I have Nginx log files and Akamai log files that do not have any specific encoding for the requests they write, that I need to process and store the data in the database as UTF-8. In most cases, interpreting each line as UTF-8 creates a line with valid encoding, but sometimes it is not.

I want to ask Ruby to try different encodings for each line to find the correct and probable (but, of course, not guaranteed) correctness.

Unsuccessful attempt

I originally wrote the following code:

 def guess_encoding( str, result='utf-8', *encodings ) # Try every encoding if none were passed in encodings = Encoding.list if encodings.empty? # Keep forcing a new encoding until we find one that is valid unless encodings.find{ |e| str.force_encoding(e) && str.valid_encoding? } raise "None of the supplied encodings was valid" end # Convert from the valid encoding to the desired, replacing 'bad' characters str.encode(result, invalid: :replace, undef: :replace) end

The problem is that the very first encoding in Encoding.list is ASCII-8BIT , which is valid for all byte streams. Thus, if I use my code above and call s2 = guess_encoding(s) , the result is the string for my three-byte double-arrow character above.

Finally, question (s)

What order should the encodings be checked to ensure the maximum probability that the first valid_encoding? will be right? Which generic encodings are the most fun with respect to the bytes used, so I have to try them first, and which generic encodings are completely permissive, so should I try them last?

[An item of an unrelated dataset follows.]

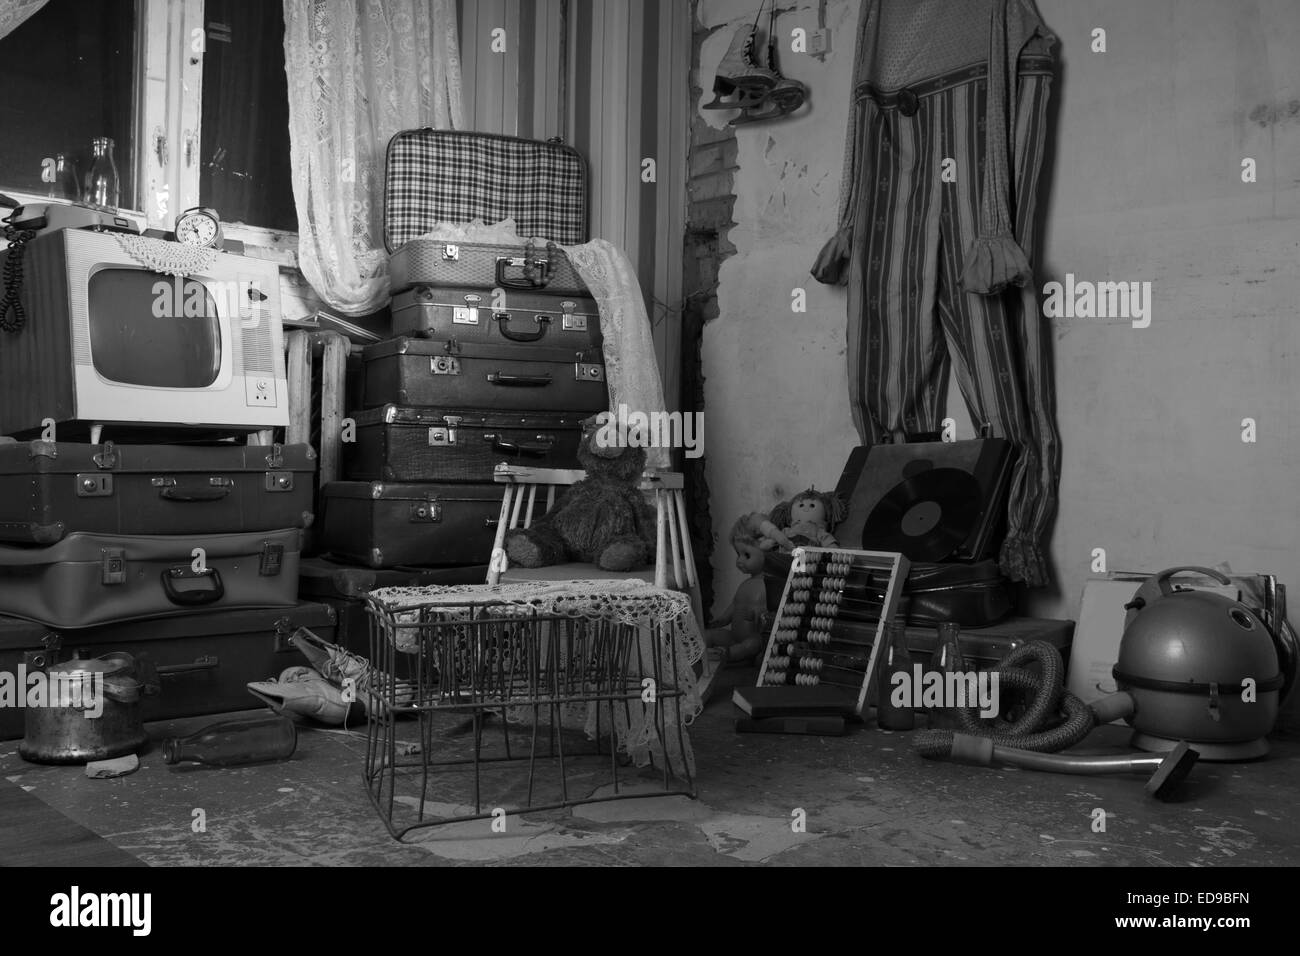 Chaotisch sortierten ausrangierten alten Elemente in einem Raum. In Monochrom erfasst. Stockfoto

Are there any other heuristics that I should use in assuming correctness? (Most likely it will be correct if a particular encoding results in fewer characters than the other?)

+4

ruby encoding

Phrogz Feb 13 '12 at 18:09

source share

3 answers

If your code can run on a unix / linux machine, filemagic may work well for you.

 gem install ruby-filemagic

This is most useful as a tool to determine the encoding of the entire file, which can then be used for all lines in the file. The following should help you get started with it:

 $ irb irb(main):001:0> require 'filemagic' => true irb(main):002:0> fm = FileMagic.new => #<FileMagic:0x7fd4afb0> irb(main):003:0> fm.file('afile.zip') => "Zip archive data, at least v2.0 to extract" irb(main):004:0>

+1

James Feb 13 '12 at 18:53

source share

When I was writing spiders, I always started with ISO-8859-1 and then with Win-1252. The difference between them is small, so either should be suitable in most cases. My reason for these first two, I think you are most likely to come across them.

If something doesn’t match these, then I would just use iconv to convert it to UTF-8, or split the diacritical accents so that it is visually similar to what we expected to see, and continue.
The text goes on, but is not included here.